I am sorry in advance if this sounds insensitive given how some are struggling but I don't know where else to post. I'm at £3 mil liquid now (mainly own business started at 20, if I sold this it would be a considerably higher number) and don't know what the hell I am doing with my life anymore.
Split from DP a few months ago, don't work anymore (I used to work as a medical doctor), spent christmas alone other than a visit to brother. It's almost like life is too easy now and there's no reason to get out of bed anymore, I have little passion for anything and I've still got another 60 years of this to go. When I was younger I was an extremely driven person but now I'm just a shadow of that.
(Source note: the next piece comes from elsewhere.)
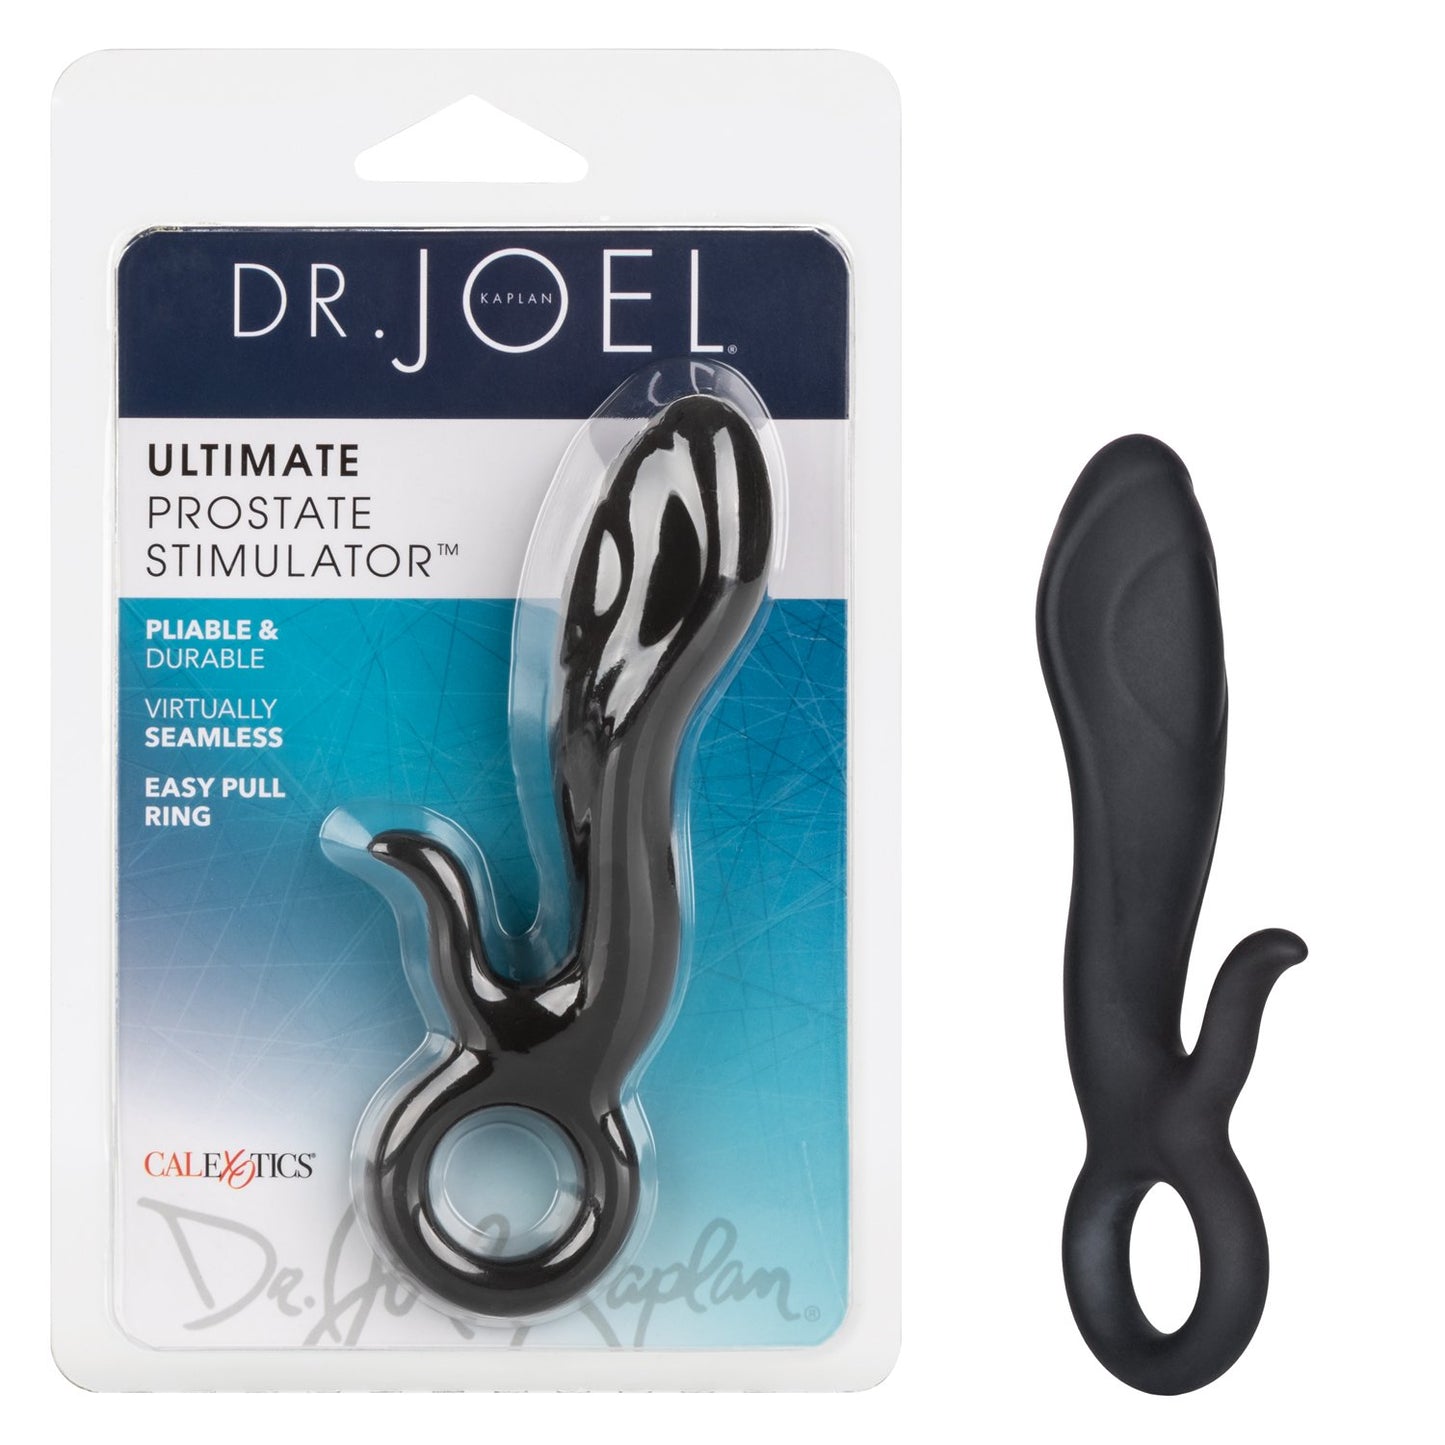 Dr. Joel Kaplan Ultimate Prostate Stimulator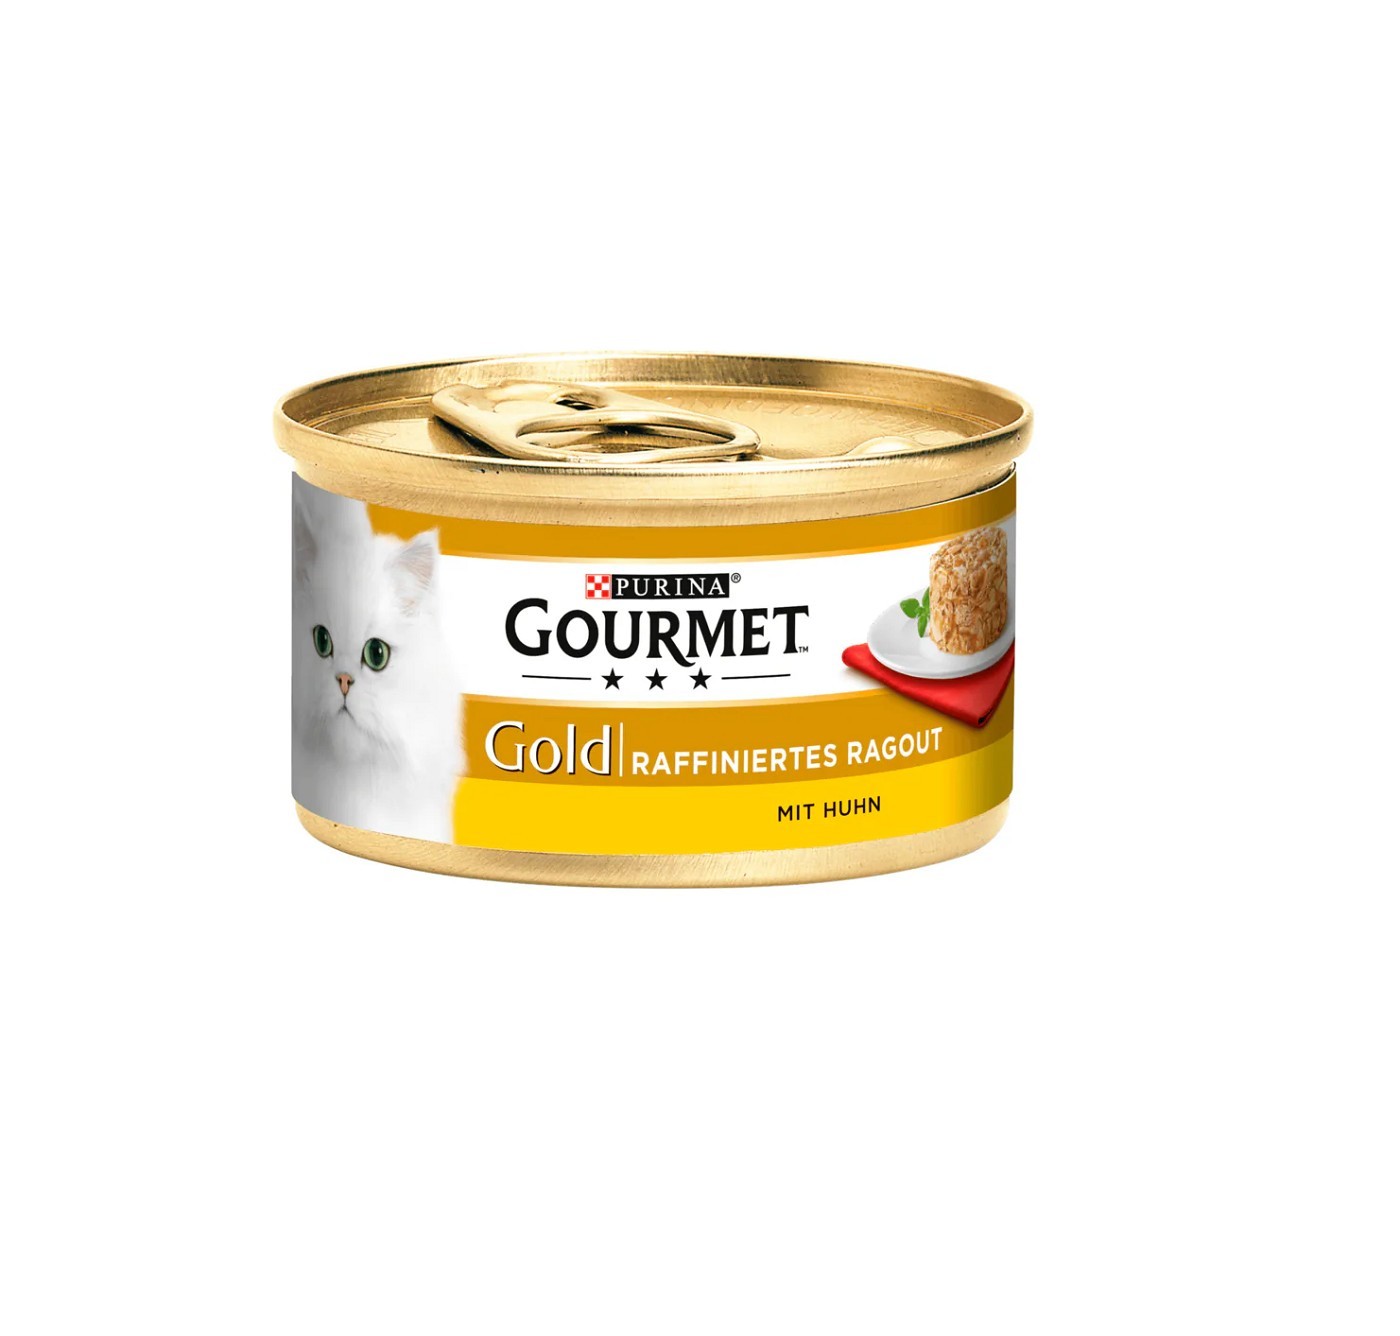 Gourmet Gold Raffiniertes Ragout mit Huhn 12x85g Dose

My childhood wasn't bad enough for me to be taken into care but it was terrible and I don't see them anymore. I'm only close to my brother who has always had mental health issues but they have worsened significantly since he was signed off with "fibromyalgia" and does nothing all day.
I want DC but am still in shock from my ex-leaving, it was related to money even though I never criticised/cared about his income at all (consultant dr so not low at all) he kept being insecure and making issues whenever I wanted to do anything expensive and pay for him. I am lucky to have close friends who don't care but have had plenty of nasty/catty responses from random people for no reason whatsoever.
I don't really know where I'm going but I just feel so lost. Wondering if there's anyone here who went through the same thing? Merry christmas.